El juez Peralta consideró en su dictamen que la actitud de los detenidos era suficiente como para que el sargento hubiera dado aviso al 911: de hecho se pudo comprobar que eso que escondían era un arma, que estaba oculta en una funda con cierre que simulaba una agenda. Destaca el juez como un dato importante que quien dio la alarma no haya participado del operativo, sino que se limitara a informar lo que creyó pertinente, es decir que no se encontraba motivado por ninguna situación en particular. Una vez detenido el coche, el mismo detenido informó que tenía un arma, lo cual para el magistrado es suficiente justificativo para respaldar la urgencia de la requisa inmediata, que de hecho dio como resultado el hallazgo de otra arma, más las drogas.
Buenos muchachos
"Luego de comprar la cocaína (…) nos revisan y nos encuentran la cocaína, que yo nunca la oculté", dijo Frumboli acerca del hallazgo, cuando pretendía afirmar con su declaración que se trataba de sustancias de consumo personal. Se le preguntó entonces cuál era la razón de que llevara una balanza en el coche, y dijo que era del negocio de rotisería de su esposa, y que debía hacerla arreglar. En el proceso quedó demostrado que la balanza en realidad funcionaba, además de que no era adecuada para uso gastronómico.
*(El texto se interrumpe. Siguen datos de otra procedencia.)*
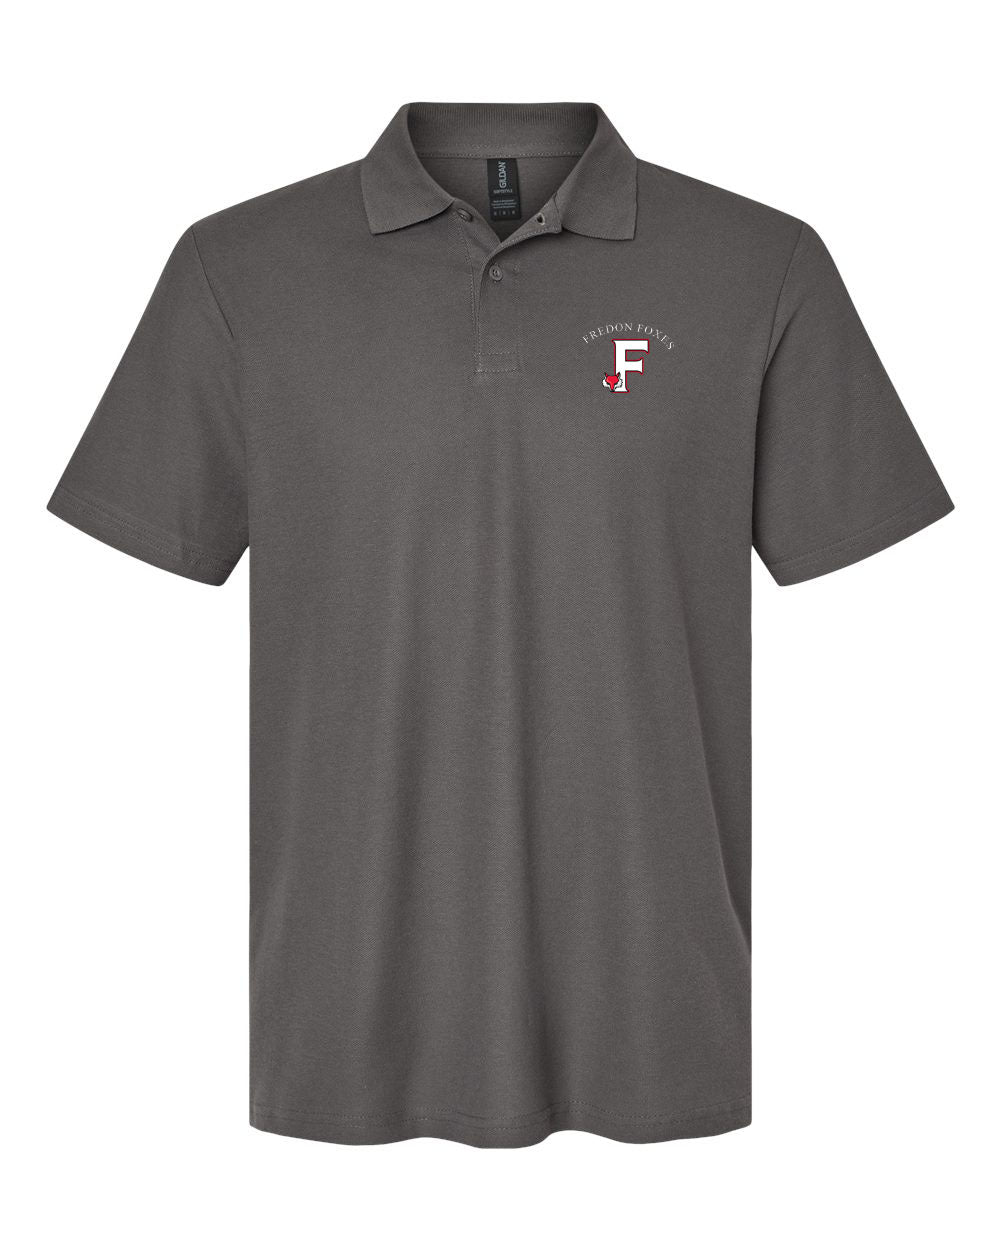 Fredon Design 9 Performance Material Polo T-Shirt

Cuando se le preguntó por las anotaciones con cifras terminadas en cero que tenía en un listado con abreviaturas de nombres, dijo que "levantaba quiniela", lo cual el juez calificó como mendaz. "Es sabido que un registro de quiniela consta al menos de tres datos numéricos en cada caso: ubicación, monto de la apuesta y números apostados, y respecto de estos últimos no es concebible que en el dígito predomine el cero…", dijo Peralta. Era obvio que la droga era para vender, y la lista, de clientes.
Fue por eso que los jueces por unanimidad decidieron condenar a Tulio Sebastián Frumboli por los delitos de "tenencia de estupefacientes con fines de comercialización, en concurso real con portación de arma de guerra, atenuada por tratarse de un tenedor autorizado de la misma, a la pena de cuatro años y seis meses de prisión y doscientos veinticinco pesos de multa".
Quizá sea un problema menos, dice la gente. Quizá sea necesario propalar que no está el mapa del narcotráfico de la ciudad sumergido en la simple y llana impunidad. Quizá sea necesario destacar que, con casi ningún elemento, sigue habiendo quienes intentan llevar adelante una causa a la que solamente empuje la justicia misma. Quizá haga falta ponerlo en letras grandes y luminosas, para que la sociedad entera deje de creer que la lucha contra el tráfico de drogas es poco más que una causa perdida.